The UND Technology Park is a 55-acre (223,000 m^{2}) research and technology campus on the west end of the UND campus. Facilities at the research park include two business and technology incubators — the Skalicky Technology Incubator and the Ina Mae Rude Entrepreneur Center. Other buildings in the research park include COELSAT (Center of Excellence in Life Sciences and Technology), Ryan Hall, UND Aerospace Foundation office building, the National Weather Service, BioLife Plasma Services, and a Hilton Garden Inn.

In addition to the UND Technology Park, other research institutions at UND include the Energy and Environmental Research Center (EERC) which includes the National Center for Hydrogen Technology, the UND School of Medicine and Health Sciences, and the United States Department of Agriculture Grand Forks Human Nutrition Research Center.

From now until at least 2010, UND will play host to NASA's Douglas DC-8 "Flying Laboratory" research aircraft. The University's agreement with NASA is valued at $25 million. The aircraft's areas of research include tracking pollution, monitoring the hole in the ozone layer, and studying the atmosphere's chemistry.

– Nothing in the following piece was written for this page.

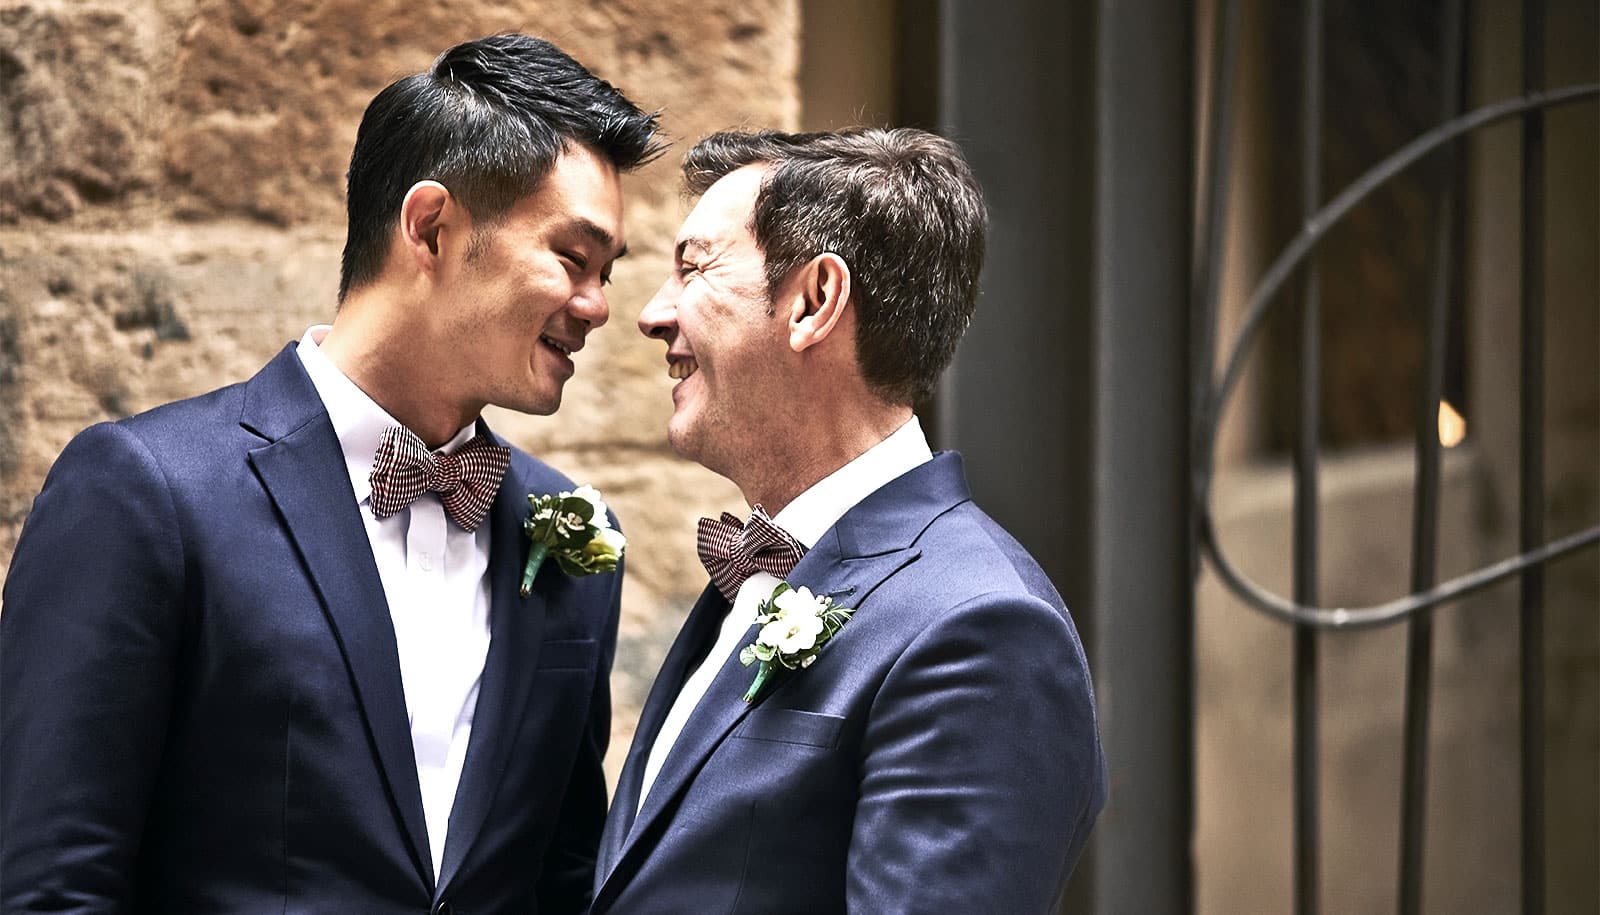 Us Same Sex Couples Get Marriage Licenses Without

One feature of the research park is the Center for Technology Enterprise. The Center is a 49757 sqft. building that serves the needs of entrepreneurial endeavors. The center offers venture capital, networking and technical advice, as well as supply services, among others. The building offers wet and dry labs, tenant space, production/manufacturing areas, as well as internet/computer capabilities suitable for expansive research and development. One of the building's major tenants is the Bobcat Company.

==Economic impact==
Research at both NDSU and UND has an economic impact on the state of North Dakota. A 2007 study showed that research at UND had a statewide economic impact of $135.7 million. The same study showed that UND research generated a total of 1,649 jobs, of which 728 were on campus. Another 2007 study showed that research at NDSU had a statewide economic impact of $100 million. That study showed that NDSU research generated a total of 1,250 jobs, of which 950 were on campus.